The group PurP IV is composed of PurP homologs encoded in the genome of six out of 13 OTUs analyzed in the family Thermococcaceae (supplementary table S4, Supplementary Material online). These six OTUs also harbor PurPs II and III (supplementary table S4, Supplementary Material online). The PurPs IV are highly divergent from the others PurPs but highly similar among them, with identities varying from 70% to 87%. In our analyses, the PurP IV always formed a distinct group, in contrast to what was reported by Brown et al. (2011), where the two representatives of these PurPs emerged inside PurP II as a basal group in Crenarchaeota (cluster Ib by Brown et al. 2011). The genes coding PurPs IV are in the same genomic context with other pur genes (supplementary table S5, Supplementary Material online). The PurPs IV are being described for the first time in this study as a novel putative isoform of PurP (supplementary table S4, Supplementary Material online).
The internal topology of the groups I, II, and III of the PurP tree is generally not congruent with the phylogenetic relationships among orders, classes, and phyla of the Archaea, with few exceptions. PurPs encoded in the same genomes fall in different groups. For instance, the groups PurPs II and III composed by PurPs from de same OTUs, representing four archaeal phyla, and the three PurPs from M. paludicola SANAE fall in groups I, II, and III. Finally, the overall topology of the PurP tree is incongruent with the archaeal phylogeny, but congruent with the hypothesis that the main PurP groups are composed by paralogs that originated in gene duplication events. Thus, based on the finding presented earlier, we propose that groups I, II, III, and IV are paralogs that originated in three events of gene duplication that occurred in the ancestral of the Archaea domain (fig. 6b).

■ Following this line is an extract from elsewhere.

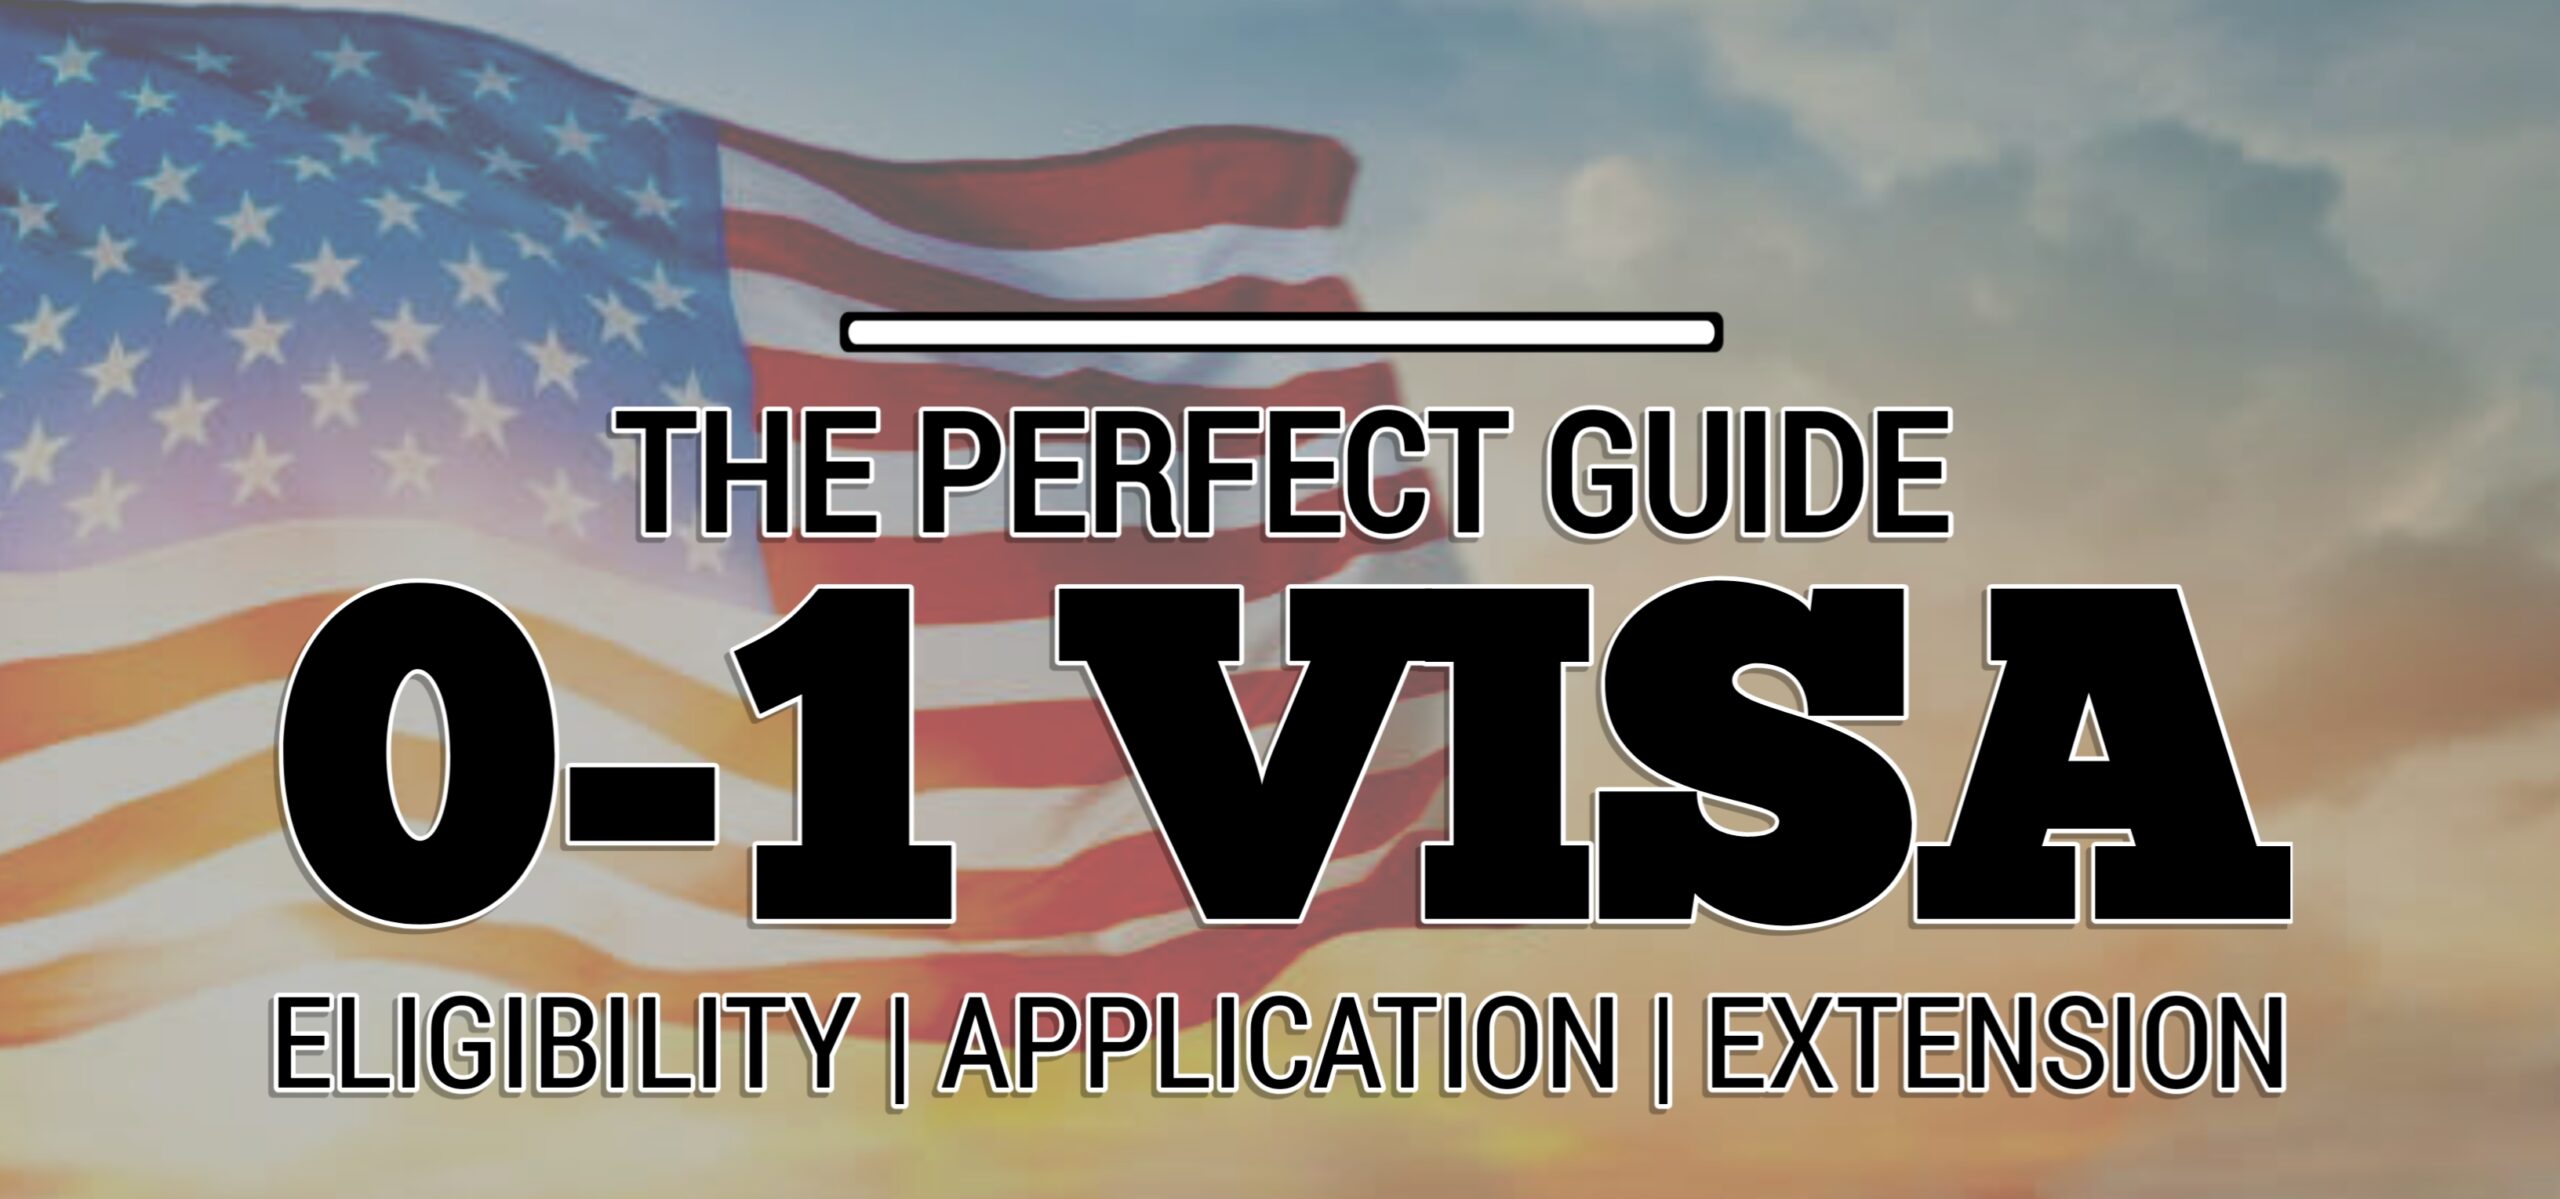 THE PERFECT GUIDE FOR 0-1 VISA

The first duplication event, also proposed by Brown et al. (2011), originated the PurP III and the ancestral of PurPs IV, I, and II. Here, we proposed two additional subsequent duplications events that originated the PurPs IV, I, and II. These isoforms of PurP were selectively maintained or lost during the taxonomic diversification of the domain Archaea. The internal nodes representing the duplication events that originated the paralogs I, II, and IV do not have enough bootstrap support in the protein ML tree (fig. 6a) similar to what was found by Brown et al. (2011). Therefore, we constructed other ML trees with the multiple alignment of nucleotides containing only unambiguous sites as determined in the Guidance server (Penn et al. 2010). The alternative ML trees were inferred with different nucleotide positions (first and second or all positions of the codon) and with the amino acid positions of the protein multiple alignment. Only the ML tree obtained with the protein multiple alignment yielded an alternative evolutionary history (supplementary fig. S2, Supplementary Material online) that was not similar to the tree proposed for the PurPs in this study (fig. 6b).
Discussion
The PBP is ancient and its derivatives are involved in the synthesis of nucleic acid precursors, carbohydrate metabolism, and in several cellular signaling pathways. Information on the diversity of the genes encoding the enzymes of the PBP is important to many biotechnological applications, such as the development of anticancer and antimicrobial drugs. In this study, we expand the scientific knowledge on the diversity in the last two steps of the PBP in prokaryotic lineages. To accomplish this, an extensive genome analysis was performed with 1,403 completely sequenced and annotated prokaryotic genomes. Comparative genomics and genomic context analyses showed that the diversity of PBP in the domain Bacteria is higher than previously reported. For example, the genes purV, purJ, and purO, initially reported only from Archaea, were found in this study to be relatively common in Bacteria. The gene purO was until now, considered a signature of the domain Archaea.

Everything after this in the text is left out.